Parce que, monsieur le président, à ce moment-là, nous croyions en la République. On expliquait à Shaïna que nous vivions en France, que les policiers la protégeraient, que les médecins la soigneraient. Au lieu de ça, les médecins ont trouvé «qu’elle se déshabillait facilement», la policière qui a recueilli sa plainte a estimé «qu’elle ne manifestait aucune émotion». Parce que nous sommes fiers d’être Français, nous nous sommes dit que c’était un cas isolé, que deux fois de suite, nous étions tombés sur des gens indélicats au mieux, incompétents au pire. Mais que la République avait le droit de faire des erreurs de casting.
Alors, nous avons continué à y croire, parce que les valeurs de la France sont trop belles. Nous avons continué à y croire, parce que nous vivions dans le pays des droits de l’homme, de la pensée libre. Dans un pays développé, qui protège ses citoyennes, surtout les plus jeunes. Dans un pays où on ne laisse pas une adolescente à peine lycéenne se faire violer sans rien dire.
Pourtant, depuis 2017, j’entends le pire à propos de ma sœur. Alors laissez-moi, monsieur le président, vous dire la vérité. Shaïna était la bonté, la gentillesse, la liberté. Elle était une lumière qu’ils ont brusquement éteinte avant qu’elle n’ait eu le temps de briller totalement. Shaïna était un soleil, et aujourd’hui elle est morte. Malgré sa première agression, elle avait continué à vivre, à aimer. Elle avait même fini par fréquenter un garçon dont elle était tombée enceinte. Il l’a brûlée vive, parce qu’elle était une «pute». Non, elle était un soleil.
Il a brûlé ma sœur, mais j’ai continué à y croire, parce que j’étais en France, et que la justice était aveugle et indépendante. Alors, j’ai attendu, sagement, que les procès aient lieu. Les premiers agresseurs de Shaïna sont arrivés au tribunal, libres, avec un sourire arrogant, mais tout de même crispé. Ils en sont ressortis tout aussi libres, mais plus arrogants encore et plus du tout crispés. Ils ont quitté le tribunal en nous insultant, parce que ma sœur était un soleil. J’ai continué à compter mes larmes et à serrer les poings, le plus important était à venir. Son assassin allait être jugé quelques semaines après. Il n’a pas avoué. Le verdict a été rendu. Il m’a nargué. Et personne n’a fait appel. Il ressortira de prison avant ses 35 ans au pire, mais sans doute bien avant. Les années de la vie de Shaïna ne couvriront pas sa peine de prison, et il aura devant lui l’autoroute d’une existence.
Aujourd’hui, ma colère est intacte, mais plus ma confiance. Chaque jour, je me dis que j’aurais dû la venger, parce que la machine judiciaire était grippée ce jour-là.

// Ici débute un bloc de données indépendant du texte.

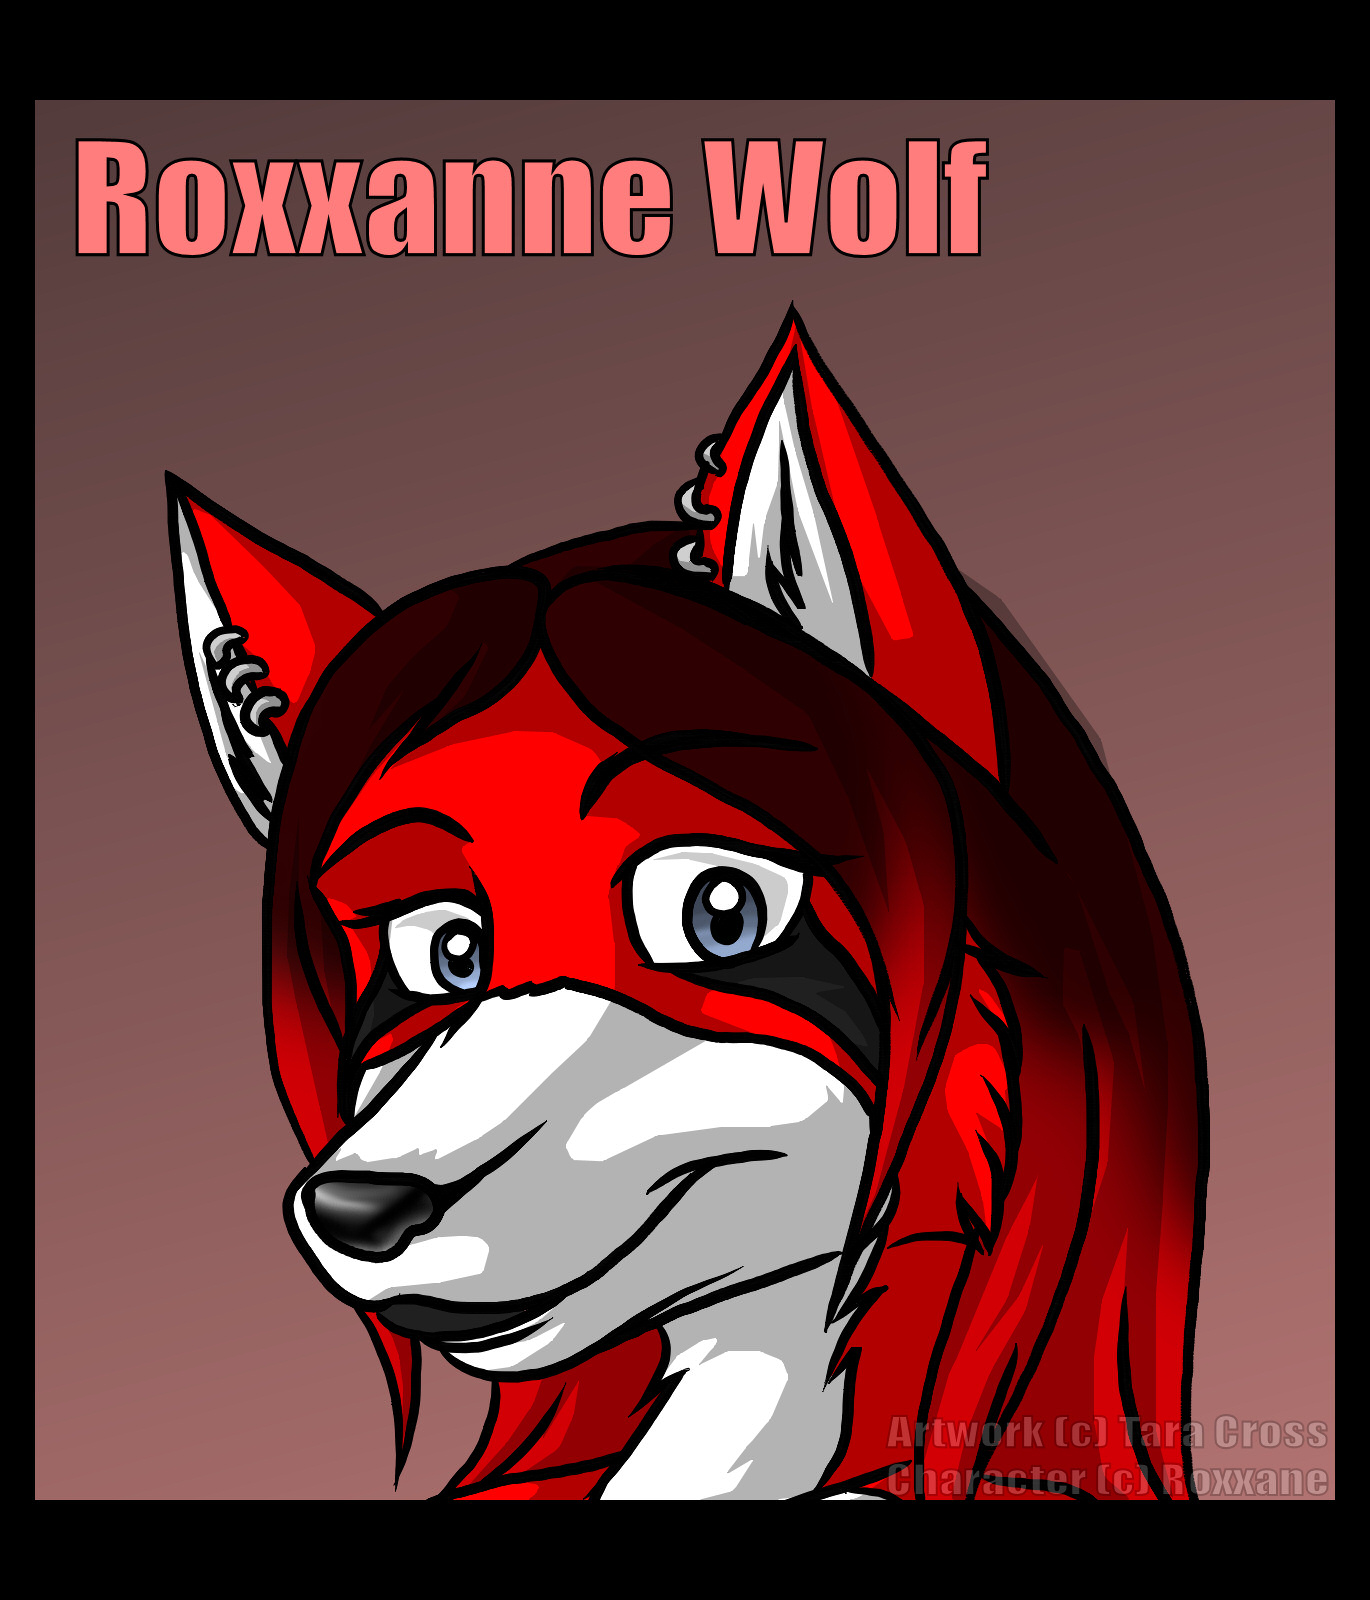 Prize - For Roxxanne

Monsieur le président, je sais quoi faire de ma colère. Pour qu’elle ne se transforme pas en rage, je vous écris. Parce qu’il est trop tard pour Shaïna, parce qu’il est trop tard pour Sohane, brûlée il y a vingt ans à Vitry. Elles sont parties rejoindre les étoiles, où elles avaient largement leur place.
Mais il n’est pas trop tard pour les sœurs des autres, pour les filles des autres. Pour toutes ces adolescentes et ces jeunes femmes de nos quartiers qui n’osent plus aimer, n’osent plus parler, effrayées à l’idée de finir comme ma sœur, parce que leurs agresseurs n’auront plus peur.
Ce que nous attendons de vous, monsieur le président, et du gouvernement, c’est que vous rompiez le silence coupable de nos politiques face à la situation des filles de nos quartiers. Ces soleils que la violence des hommes éclipse.
J’ai trouvé comment canaliser ma colère: je lutterai. Pour les autres, parce qu’il n’y a que comme cela que la rage ne m’envahira pas, et surtout parce que je veux que les choses changent.
Je vous remercie de l’attention que vous porterez à ma demande, et je reste confiant quant à votre détermination à agir dans l’intérêt de la justice et de la sécurité de l’ensemble de nos concitoyens.
Veuillez agréer, monsieur le président de la République, l’expression de ma plus haute considération.
Yasin Hansye

Un dernier mot de la directrice de la publication
En octobre 2019, Shaïna Hansye, 15 ans, est poignardée à Creil puis brûlée vive par son ex-petit copain dont elle était enceinte. Le 10 juin 2023, la cour d’assises des mineurs de l’Oise le condamne à une peine de dix-huit ans de réclusion.
Deux ans auparavant, l’adolescente avait été victime d’un viol en réunion par quatre garçons du coin. Tous reconnus coupables, ces jeunes violeurs ont été condamnés en appel en juin 2023 sans écoper de prison ferme: ils sont ressortis libres du tribunal. Pour rappel, le viol en réunion avait été correctionnalisé en agression sexuelle.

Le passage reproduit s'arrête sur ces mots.